##### DATA SEGMENT #####

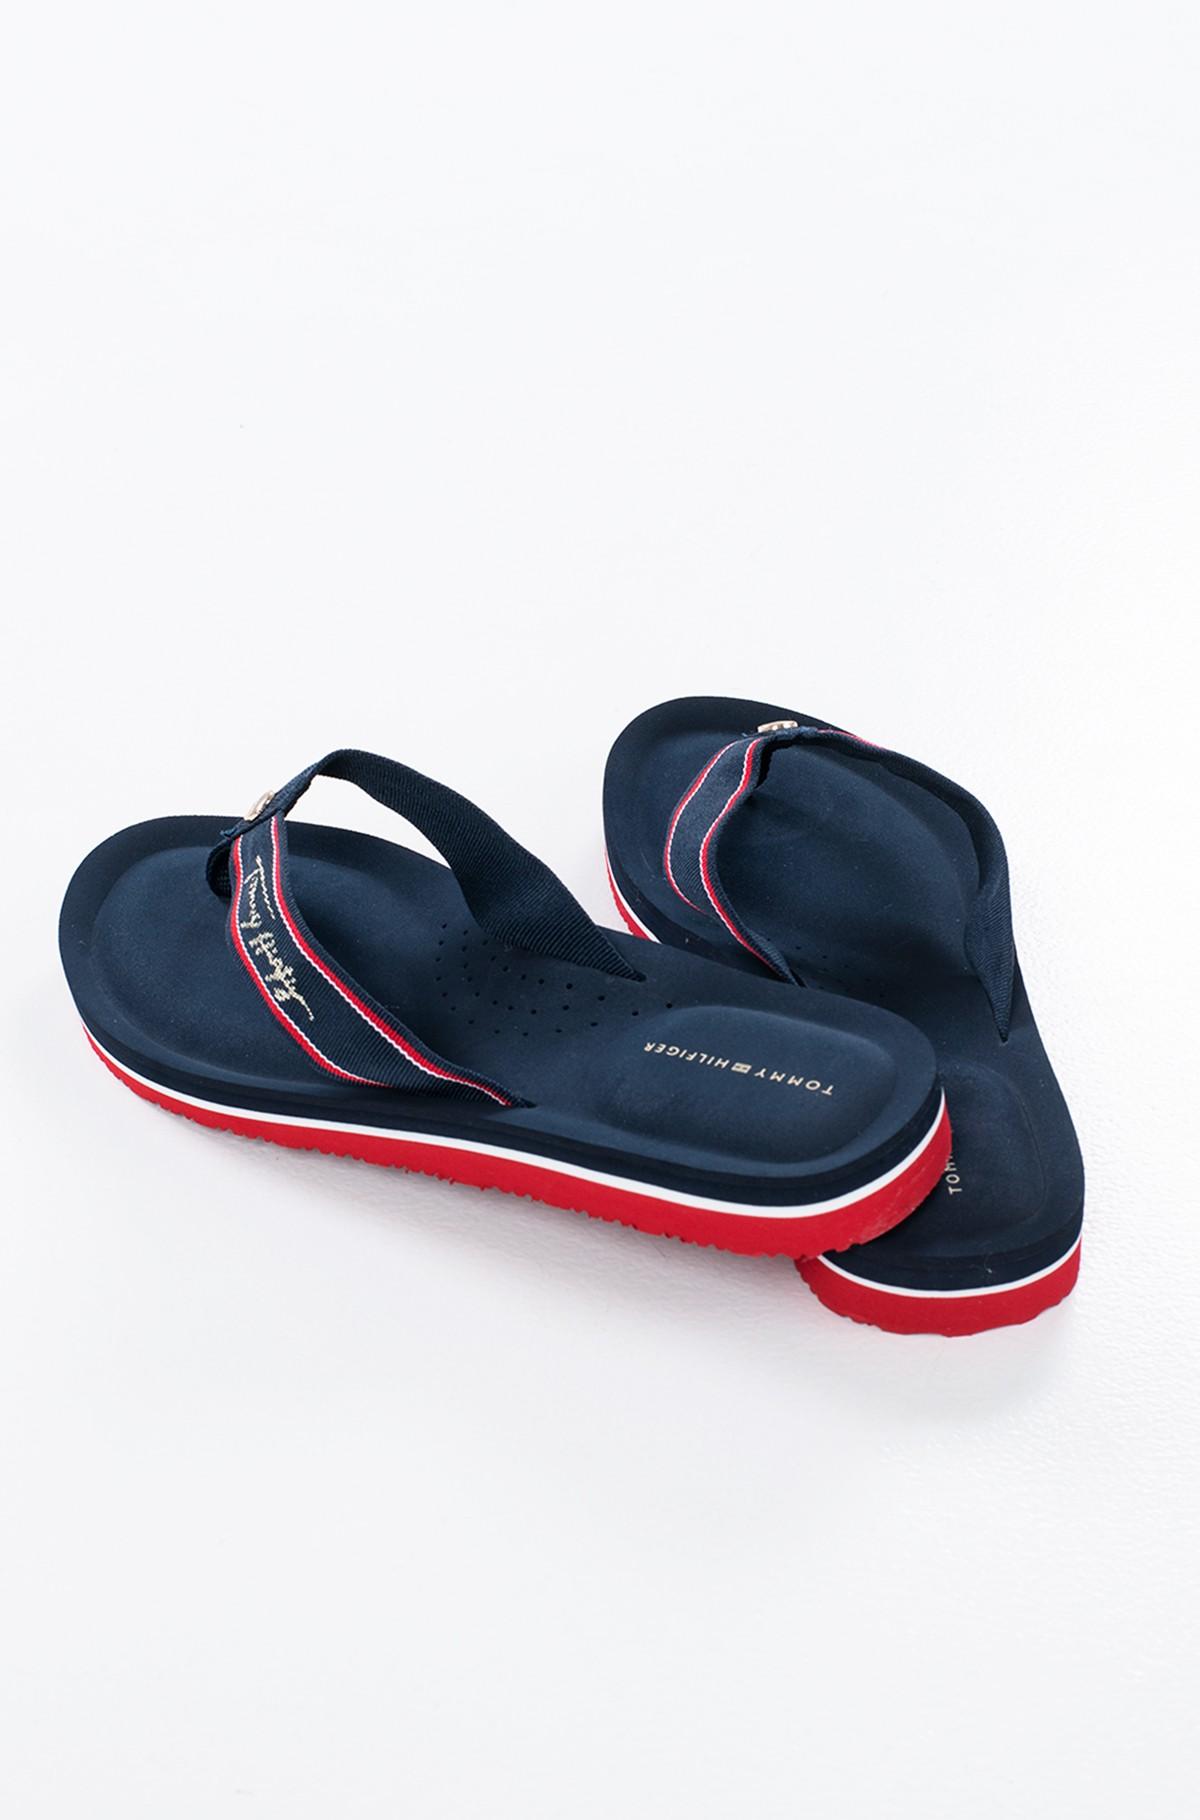 Flip-flops COMFORT FOOTBED BEACH SANDAL-full-3
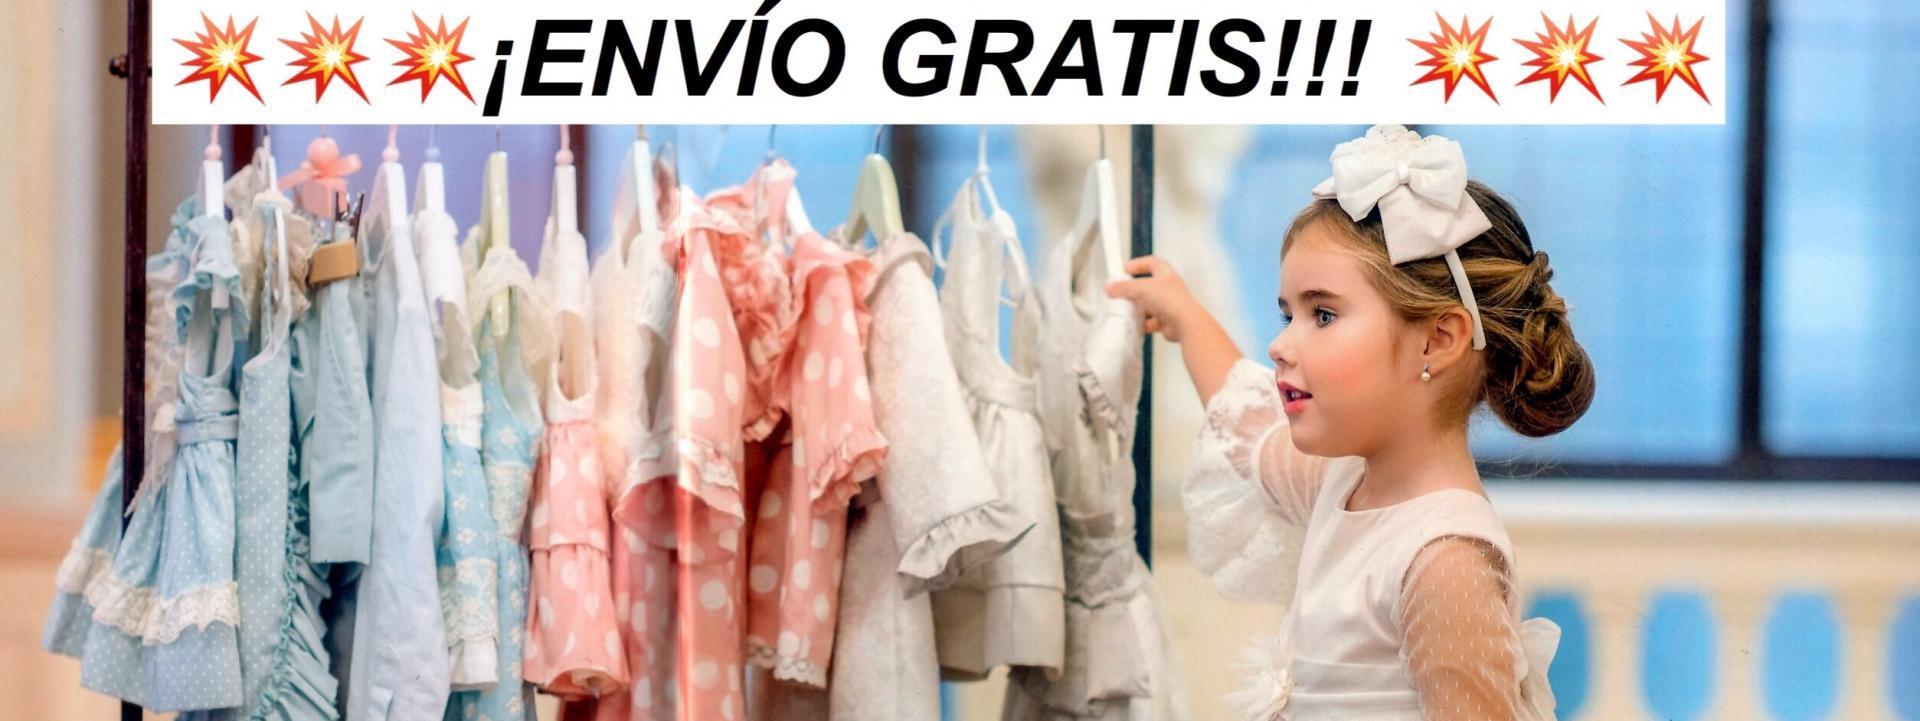 Estrena Vestido.... ¡y con ENVÍO GRATIS!!!
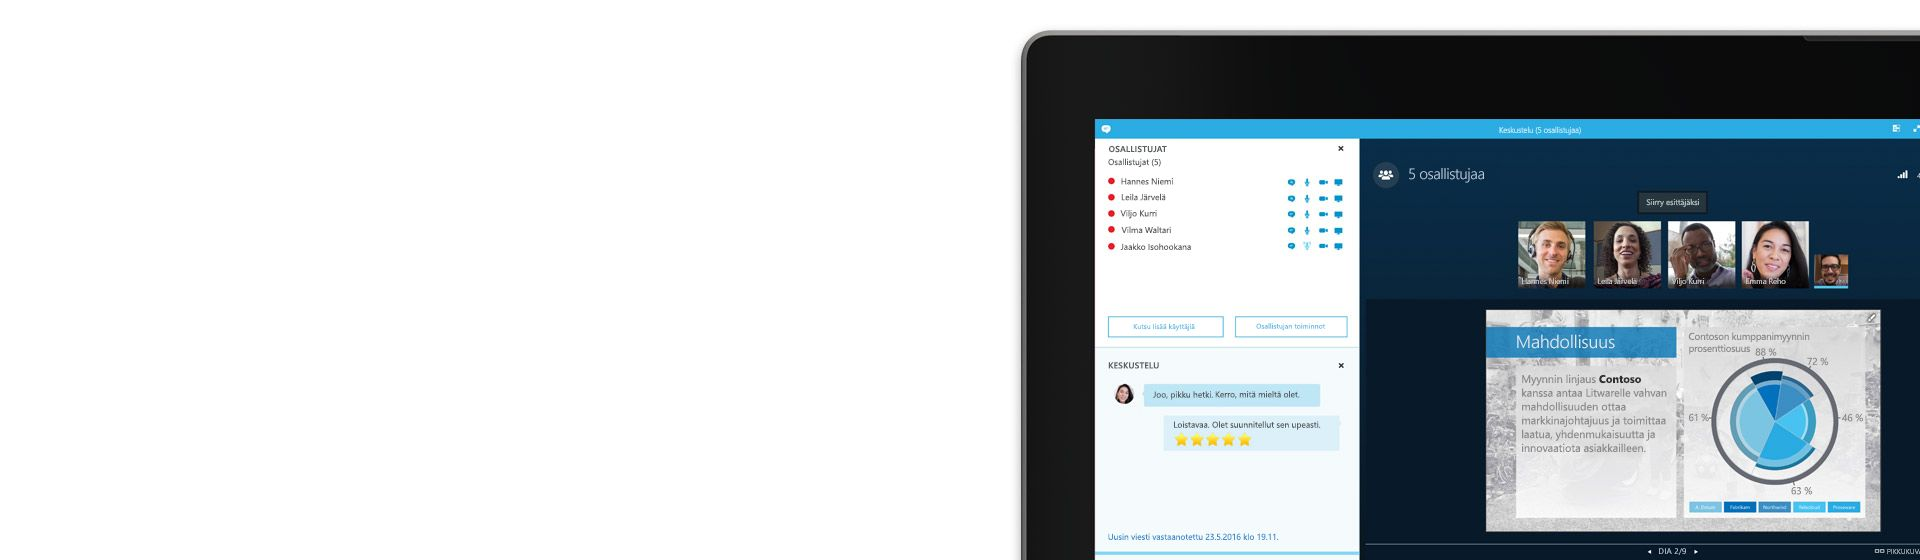 Tietokonenäytön kulma, jossa näkyy verkkokokous ja osallistujaluettelo Skype for Businessissa
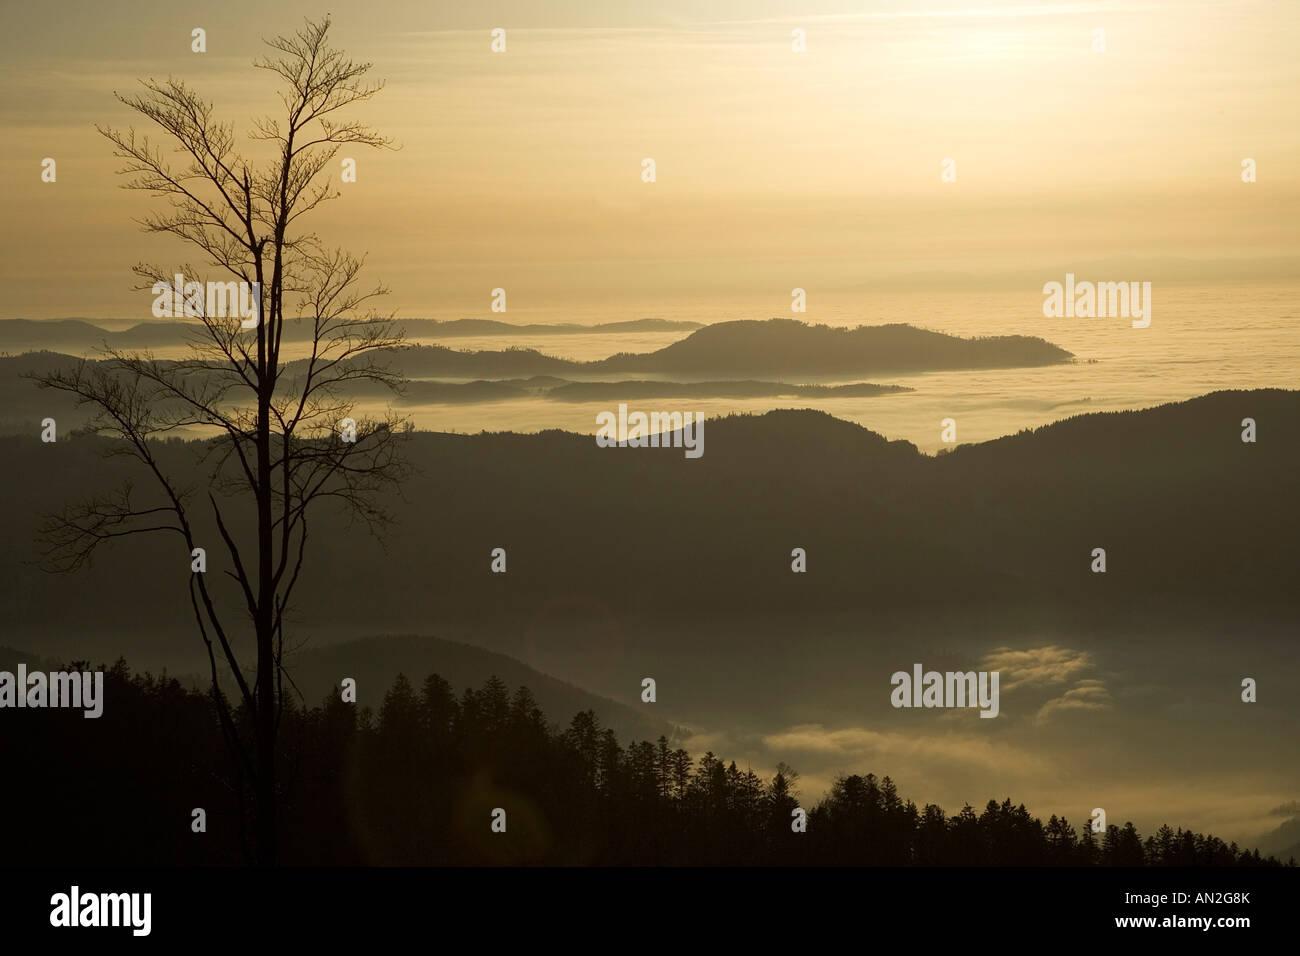 Sonnenuntergang an der Schwarzwaldhochstrasse Blick von der Hornissgrinde Schwarzwald deutschland germany europe Stock Photo

#####

▶ [WHAT THE TASK ASKS]:
Repeat the whole of the material above exactly, but keep the pictures out.

▶ [EXERCISE RESULT]:
 Flip-flops COMFORT FOOTBED BEACH SANDAL-full-3
 Estrena Vestido.... ¡y con ENVÍO GRATIS!!!
 Tietokonenäytön kulma, jossa näkyy verkkokokous ja osallistujaluettelo Skype for Businessissa
 Sonnenuntergang an der Schwarzwaldhochstrasse Blick von der Hornissgrinde Schwarzwald deutschland germany europe Stock Photo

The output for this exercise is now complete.